In order to cope with the increasing need of the internet capacity, space-division multiplexing technique using multicore fibers has been investigated extensively in recent years [6–9], in which Seven-core fiber (SCF) shows its prospect on future application as one typical multicore fiber [10, 11]. Apart from the applications for communication, multicore fiber has attracted a lot of attentions in the area of optical fiber laser and sensors. The isometrically arranged cores in multicore fibers enable the light power to transfer to each other, which generates the in-phase supermodes to achieve high beam quality in fiber lasers. A SCF-laser with good beam quality was demonstrated and later was used for second harmonic generation [12, 13]. Meanwhile, the strong coupling of multicore fiber in which the cores are close enough to form supermodes is demonstrated to be promising for high temperature measurement  and accurate strain sensing . For shape sensing, Jason P. Moore realized complex three-dimensional fiber shape sensing by using tri-core fibers with distributed Fiber Bragg Gratings (FBGs). A set of Frenet-Serret equations were numerically solved to convert distributed curvature measurement into three-dimensional shape . In addition, twisted SCF with long continuous fiber grating sensor arrays can be utilized for shape sensing. In this scheme, grating in outer cores and helical twist structure in SCF were respectively sensitive to local bend and twist, which contributes to precise shape reconstruction .
In this paper, we demonstrated a novel torsion sensor based on the inter-core mode coupling effect occurring in SCF. The fiber torsion sensor was fabricated by tapering a SCF, which is then spliced to the conventional single mode fibers (SMF) on both ends. The core of SMF was aligned to the center core of SCF. Owing to the reduced distance between cores, the inter-core mode coupling in the tapered fiber was enhanced, which is highly depending on the torsion applied to the taper waist. The experimental results show that the torsion sensitivity increases with the fiber twist, meaning that the response can be easily tuned by setting proper pre-twist angle in practice. In the meantime, the rotation direction can be discriminated by monitoring the red or blue shift of the spectrum. Furthermore, repeatable measurements based on various batches of sensors but with identical dimensions show the similar performance in terms of sensitivity and accuracy, signifying the good repeatability of the torsion sensor. The experimental findings are explained theoretically in the end by adopting mode coupling dynamics and theory of optical anisotropy in twisted fiber. This optical fiber torsion sensor can find potential applications in civil and mechanical engineering.
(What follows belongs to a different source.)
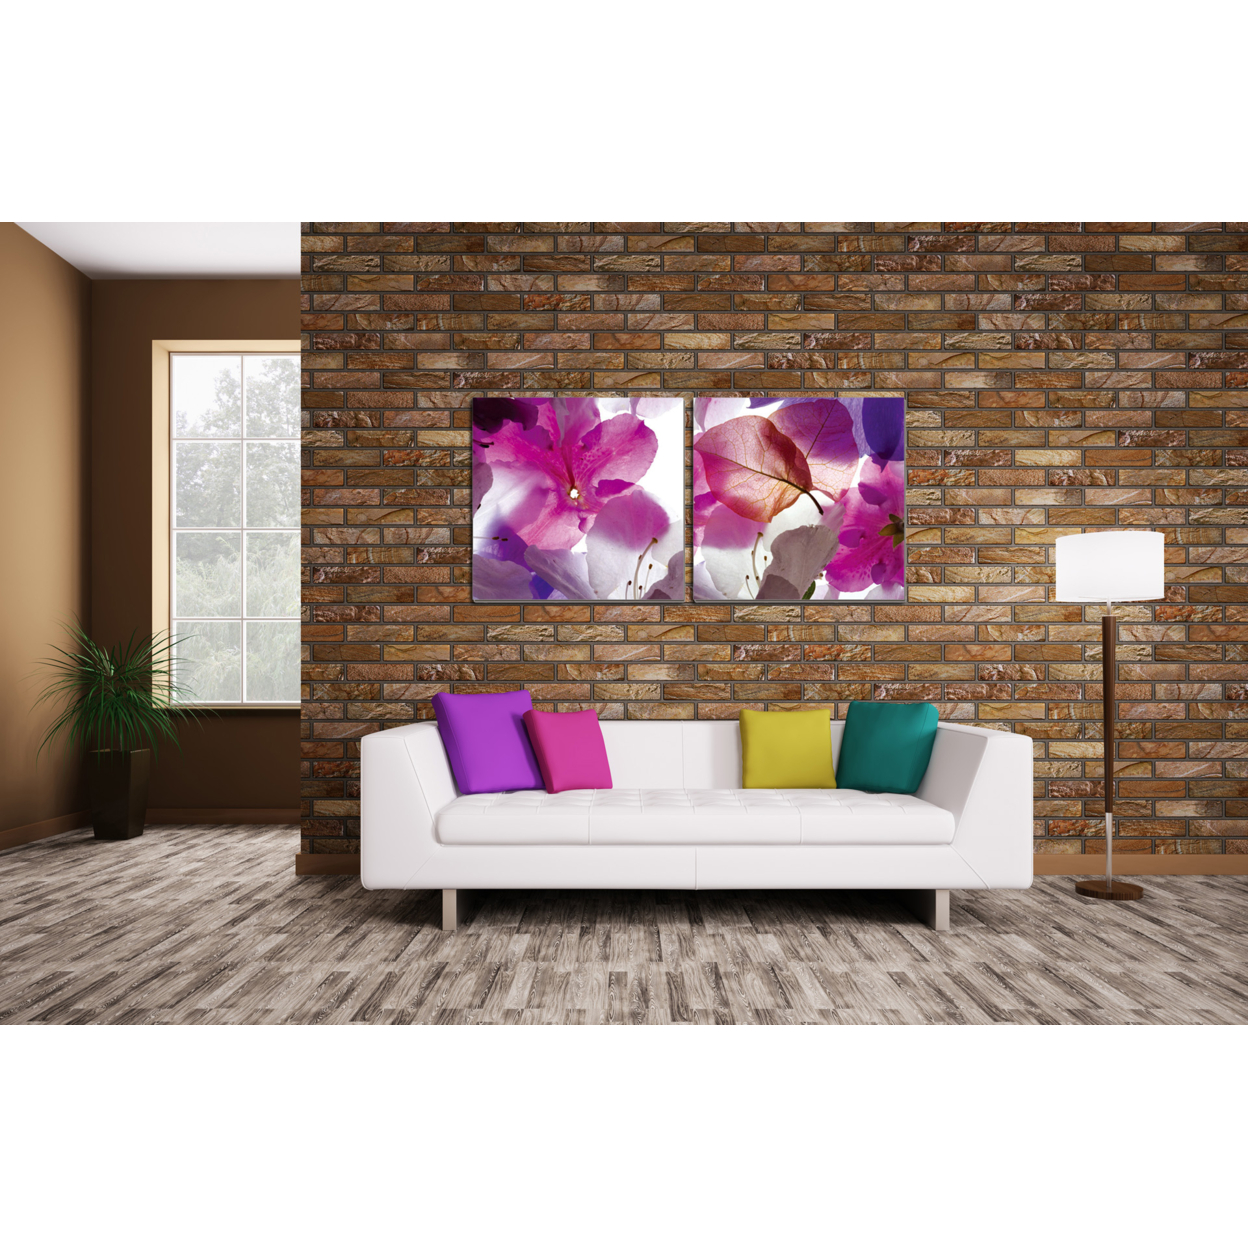 Orchid 2 piece Wrapped Canvas Wall Art Print 27.5x55 inches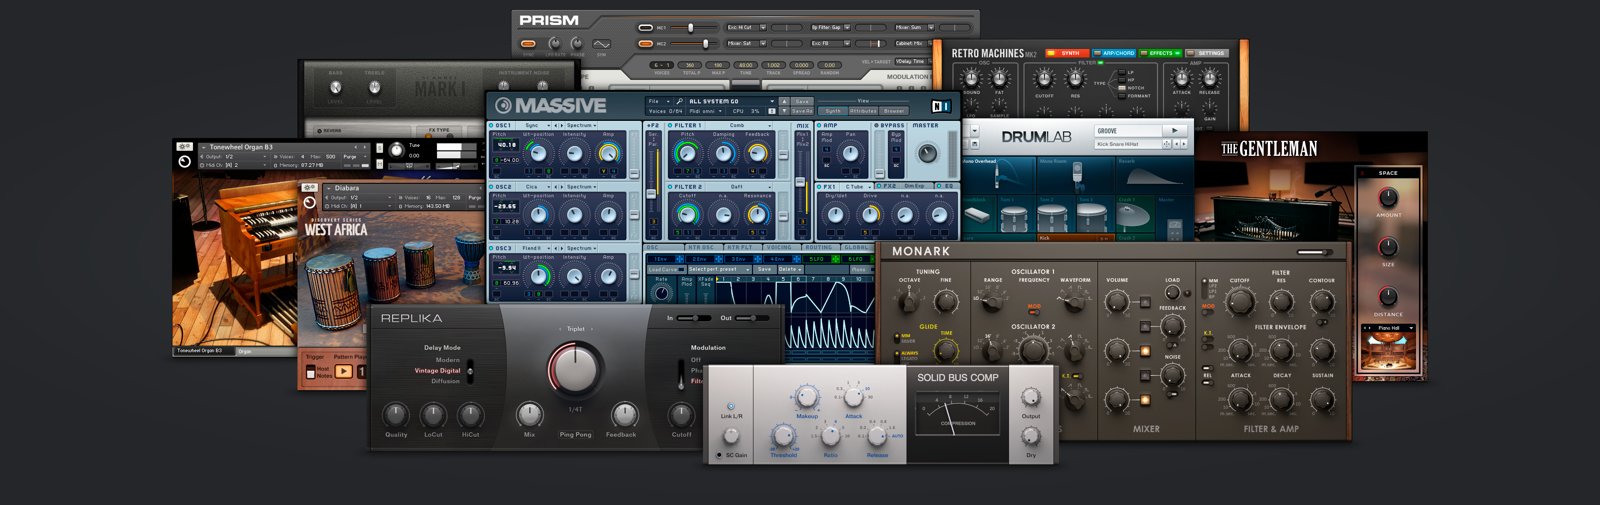 what vst voices are included in komplete ultimate 11

2. Fabrication of optical fiber torsion sensor
The fiber torsion sensor was realized by splicing two single-mode fibers to a section of tapered SCF on both ends. A CO2 laser glass-processing machine (Fujikura, LZM-100) is utilized to taper the SCF, a trench assisted multicore fiber from YOFC in China. Figure 1 shows the schematic drawing of the setup and the inset is the cross section of the SCF. Its cladding diameter, core diameter and core pitch size are 150 μm, 8 μm and 42 μm, respectively. A taper structure is fabricated so as to strengthen the coupling between center core and outer cores due to the smaller pitch size. Both the laser power and motors are controlled by program. Thus, we can fabricate taper structure on SCF precisely with different dimensions to obtain desirable spectrum. Typically, the deviation between the actual and designed taper is less than 5 µm.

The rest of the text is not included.